5. From that shape we can see that the wildfire data is spread out between the contiguous US (CONUS) Hawai'i and Alaska. To make our file more manegable let's cut it down to only the fires in CONUS.

In order to do that we are going to create a new shape that covers the area we want to keep and intersect the two areas. We are going to create a shape that is a box using `shapely`.

In [21]:
from shapely.geometry import box

In [None]:
conus = box(-3000000, -2000000, 2000000, 2000000)  # In units of the dataset

Now that we have a shape `conus` defined, use the `.intersects()` method on the `wildfires` dataframe with `conus` as an argument. This will return a True/False boolean array indicating if each row in the dataframe intersects the `conus` shape.
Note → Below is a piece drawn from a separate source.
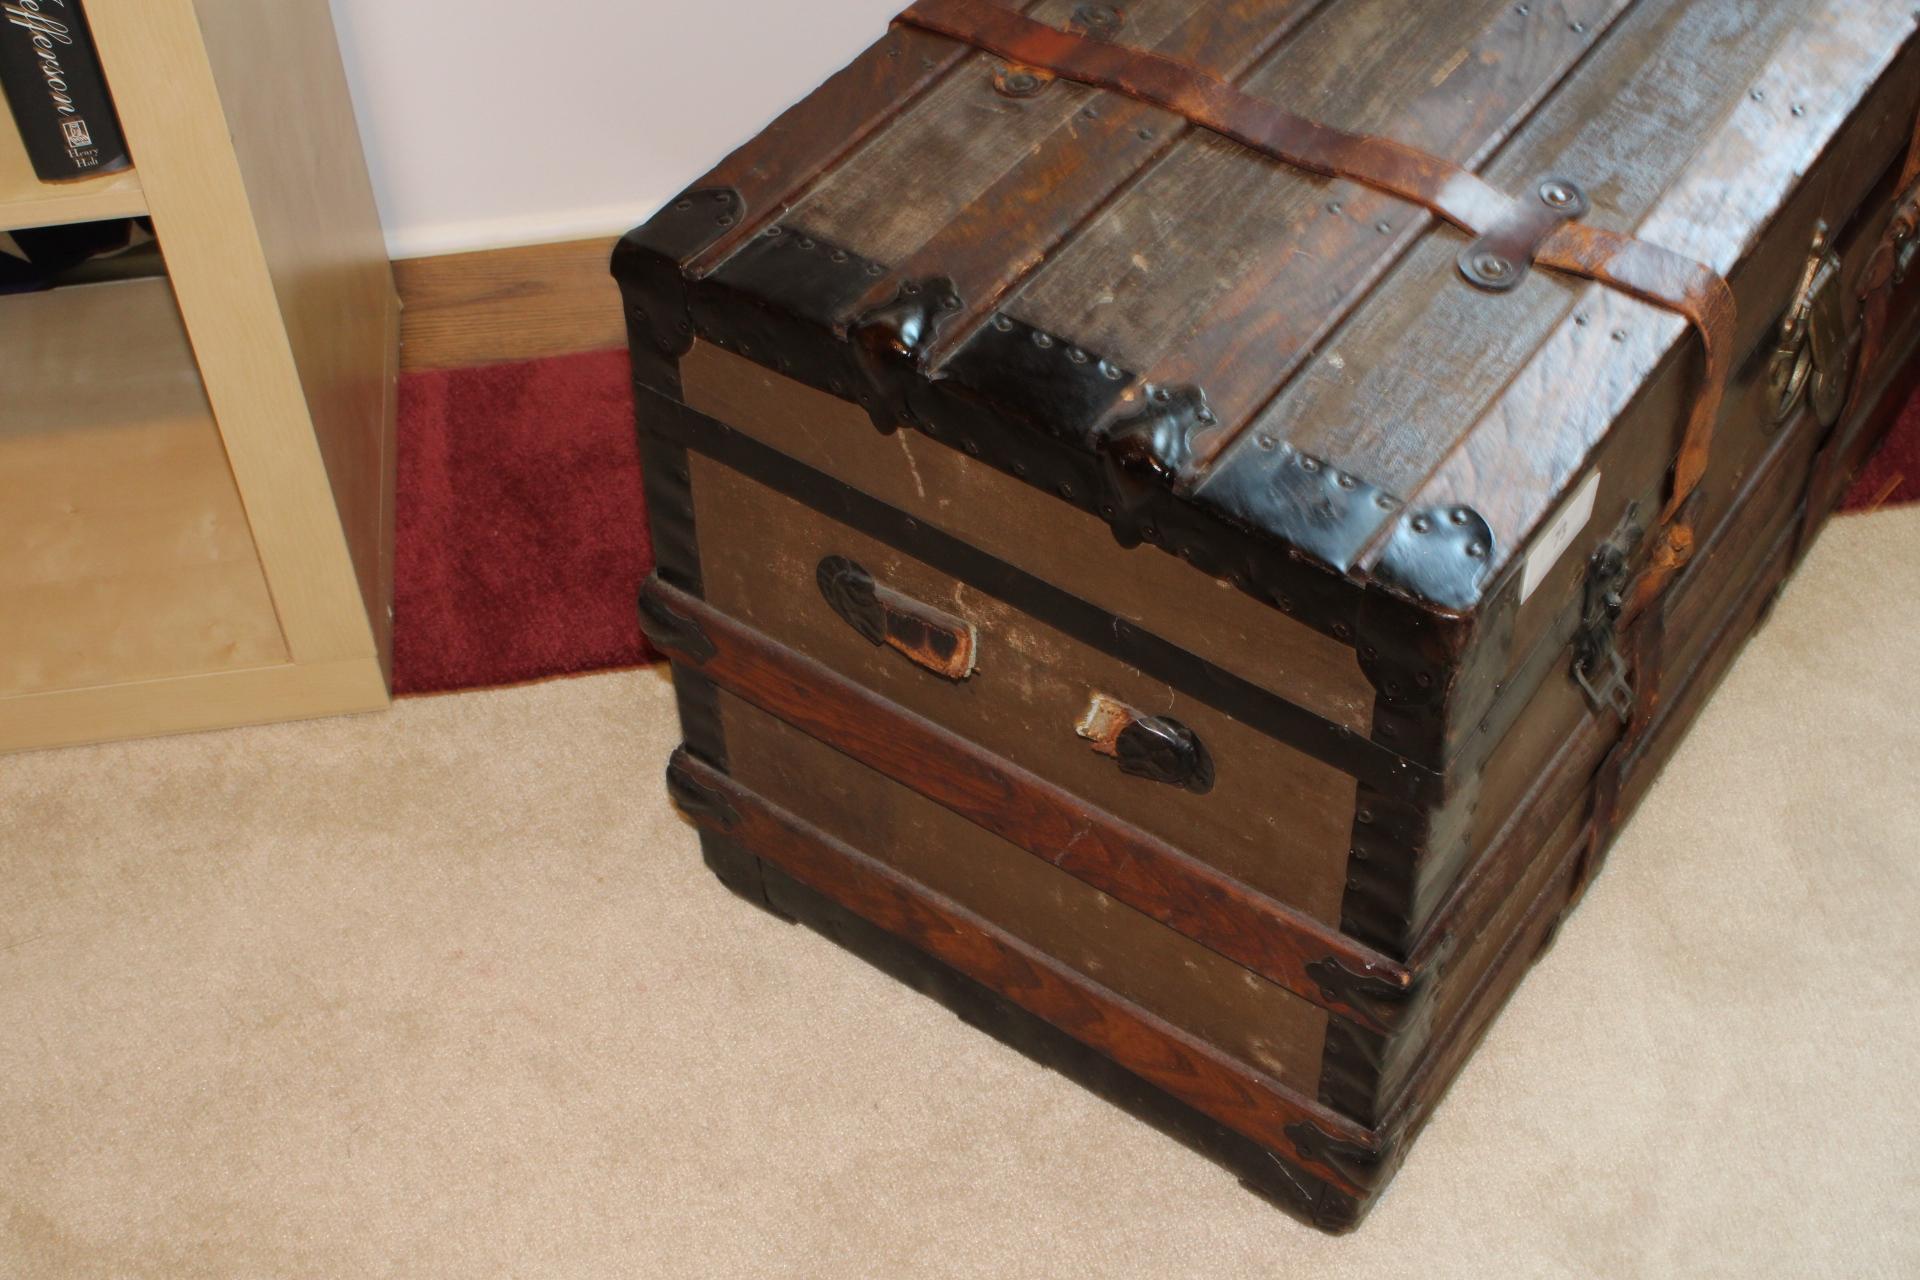 Vintage Yale and Towne Manufacturing Co., Wooden Chest with leather straps. Includes insert organize

Use the True/False dataframe from the previous step to filter the `wildfires` dataframe.  Assign this dataframe to a new variable called `wildfires_conus`.

6. Plot the new `wildfires_conus` dataframe again, again buffering by 10000m, to confirm that you have spatially filtered the dataframe.

Nice work! You have used two spatial data operations -- buffer and intersects -- in Python AND used those to spatially filter a dataframe!